As a geometry teacher, I always felt that my student’s algebra skills were lacking. Since a student only needs to get half of the multiple choice questions correct to pass the Algebra Regents, I shouldn’t have been suprised. Does passing this test mean anything? Do students actually need any algebraic knowledge to pass the test? What if they just guessed on the multiple choice (leaving the free response blank), could they still pass?
I will generate 100,000 random multiple choice test responses and use the model to see if the student would pass the test.
ans_key <- c(algebra_df %>% filter(month=="January", year==15, question < 25) %>%
arrange(question) %>% select(answer))
r_mc <- c()
runs <- 100000
for(i in 1:runs){
comp <- data_frame(random_answers = sample(1:4, 24, replace = T),
key = unlist(ans_key))
comp$check <- comp$random_answers == comp$key
r_mc <- c(r_mc, sum(comp$check))
}
pred_values <- data_frame(r_mc=c(r_mc))
pred_values <- mutate(pred_values, final=-5.0972+27.4704*log(r_mc))
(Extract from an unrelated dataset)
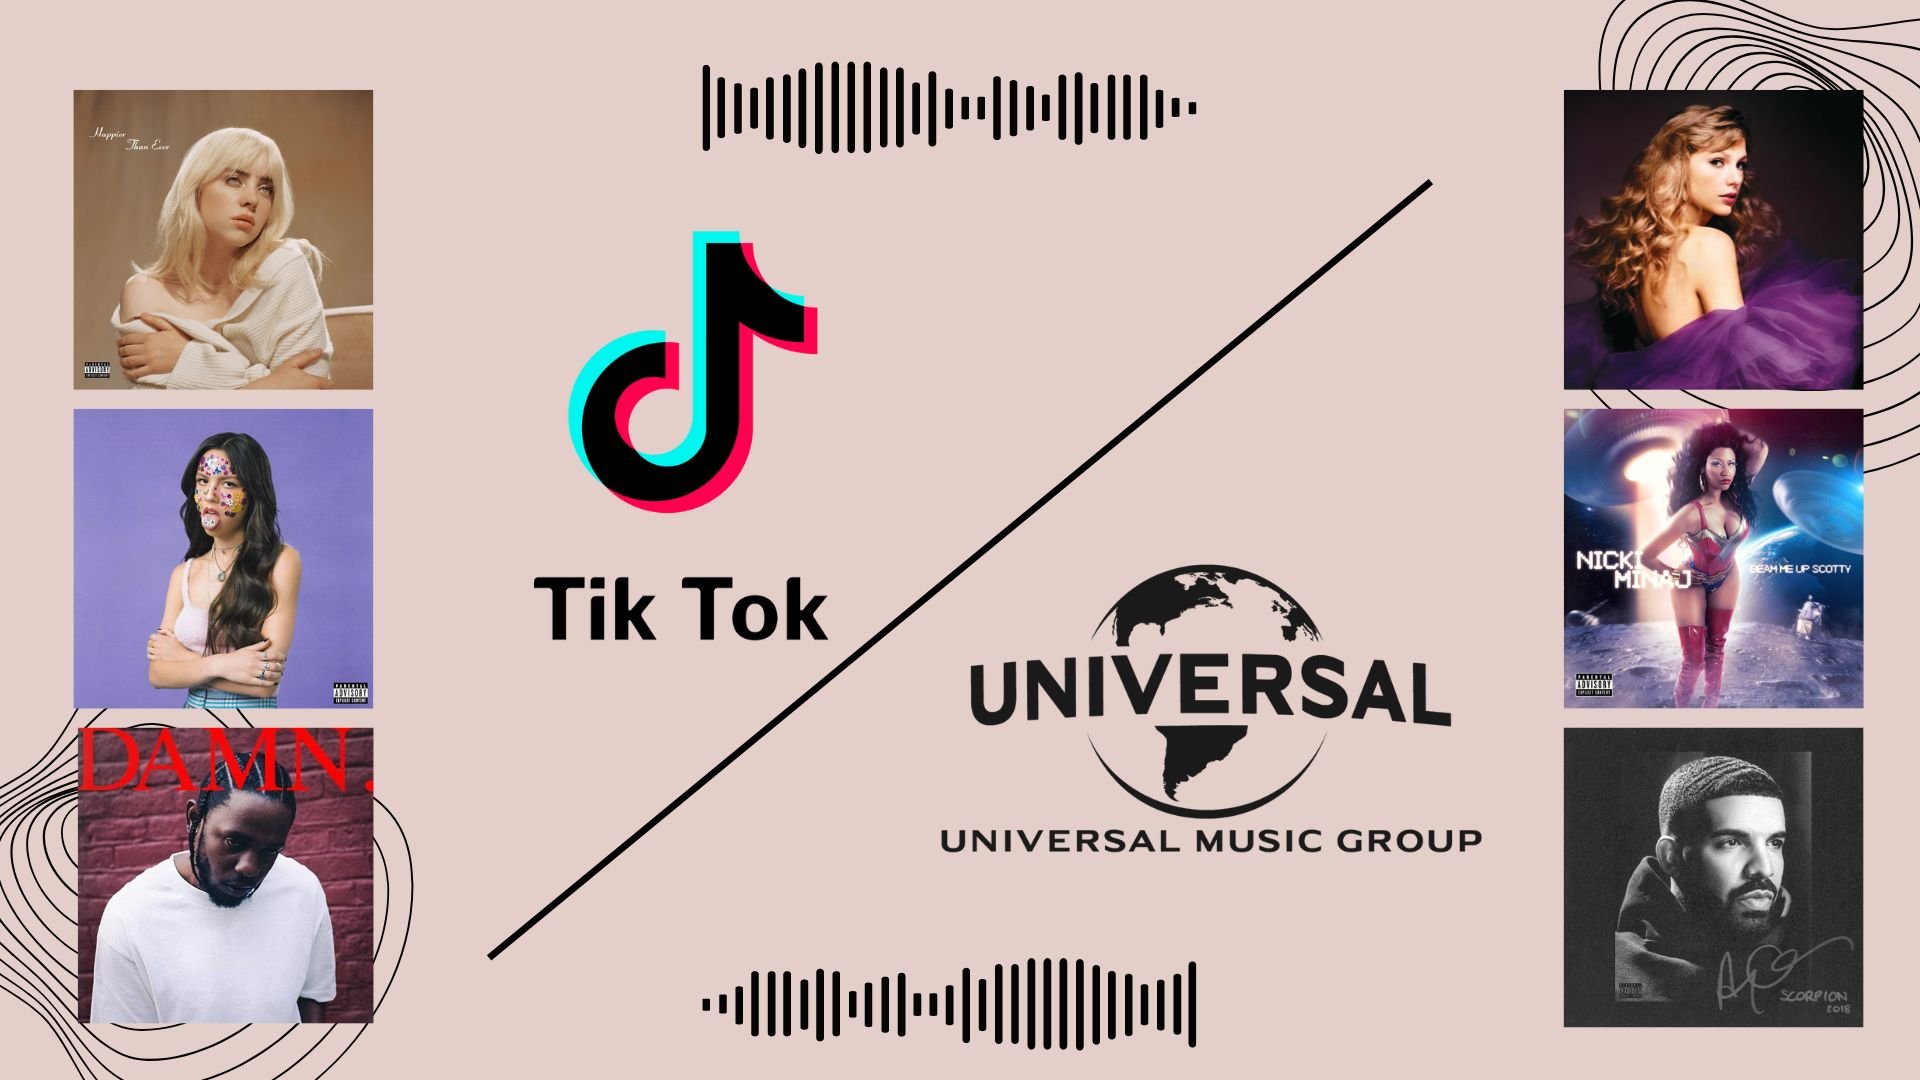 tiktok and universal music group
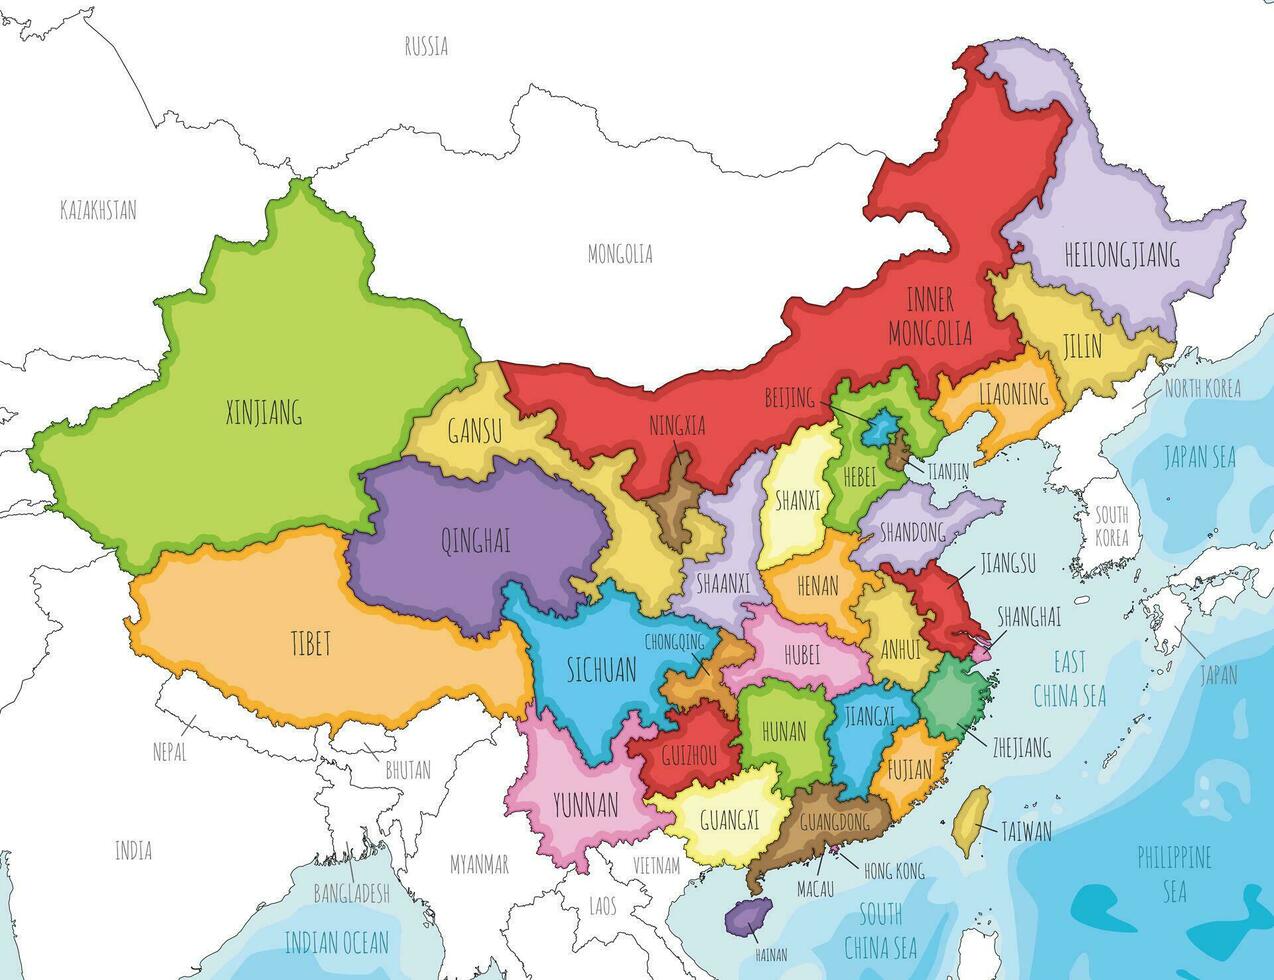 vektor illustrerade Karta av Kina med provinser, regioner och administrativ divisioner, och angränsande länder. redigerbar och klart märkt skikten.

pred_values$final <- replace(pred_values$final, pred_values$final < 0, 0)
summary(pred_values)
## r_mc final
## Min. : 0 Min. : 0.00
## 1st Qu.: 5 1st Qu.:39.11
## Median : 6 Median :44.12
## Mean : 6 Mean :42.18
## 3rd Qu.: 7 3rd Qu.:48.36
## Max. :17 Max. :72.73
pv <- distinct(pred_values)
r <- ggplot(pv, aes(r_mc, final))
r <- r + geom_point()
r <- r + geom_abline(aes(slope=0, intercept=64.5, color="red"))
r <- r + xlab("Random Multiple Choice Correct") + ylab("Predicted Final Score")
r <- r + ggtitle("Random Algebra Regents Scores")
r <- r + ylim(0,100)
r
0.189%. So students should do a little bit of studying prior to the test if they expect to be successful!